People are idiots, yes, I do mean, we all are sometimes
Yeah. Personally don’t mind that at all. As long as we admit that we are idiots sometimes and try to make the best of the mess we created. Myself very much included ^^
I find it difficult to understand that people seem to stop thinking with every new shiny management thing. But here we are.
re:maintainability - to a certain extent this relies on someone having a theory of the system in their head. Any improvements in LLMs don't really affect that
The more I think about this the more I see two kinds of outcomes: 1/ stronger incentives, possibly legal, to distinguish AI code from human code 2/ important changes to the legal frameworks to deal with copyright, IP, and responsibility issues. And that's not an either/or, both will probably occur. For now all the little imperfections in our ways to deal with these issues today are being amplified by AI.
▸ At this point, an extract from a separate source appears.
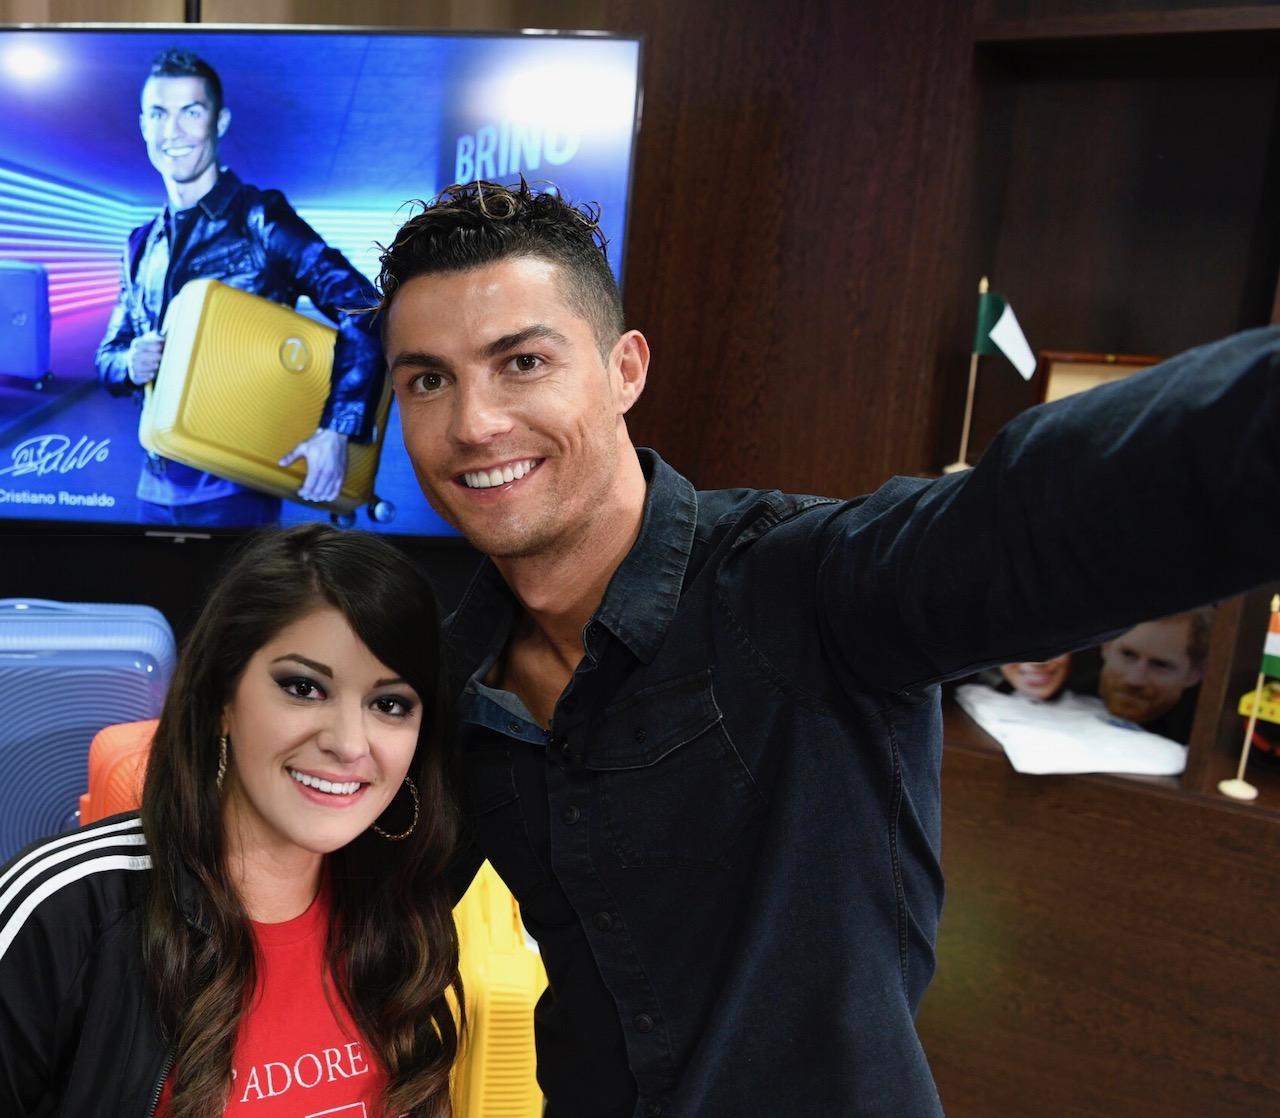 Santiago Bernabeu Stadium - Madrid Spain - Real Madrid - Beyond Casual B - Cristiano ronaldo

Meanwhile the amount of projects where human intervention is limited to the spec/design/plan phase increases.
Apart from open source, companies are still protected through contract and trade-secret law. So in general business I don't think suffers much from the loss of copyright on code generation. Because of that, I'm not sure it'll change. Generally laws around these things are designed to encourage the creation and innovation of new work through rewarding the creators with a path to monetization. I guess some businesses might need to hand out sources like for SDKs and libraries, or might be more worried about on-prem offerings if their code is public domain.
Hard to see how this will turn out, litigation from those that have something to defend is bound to happen though.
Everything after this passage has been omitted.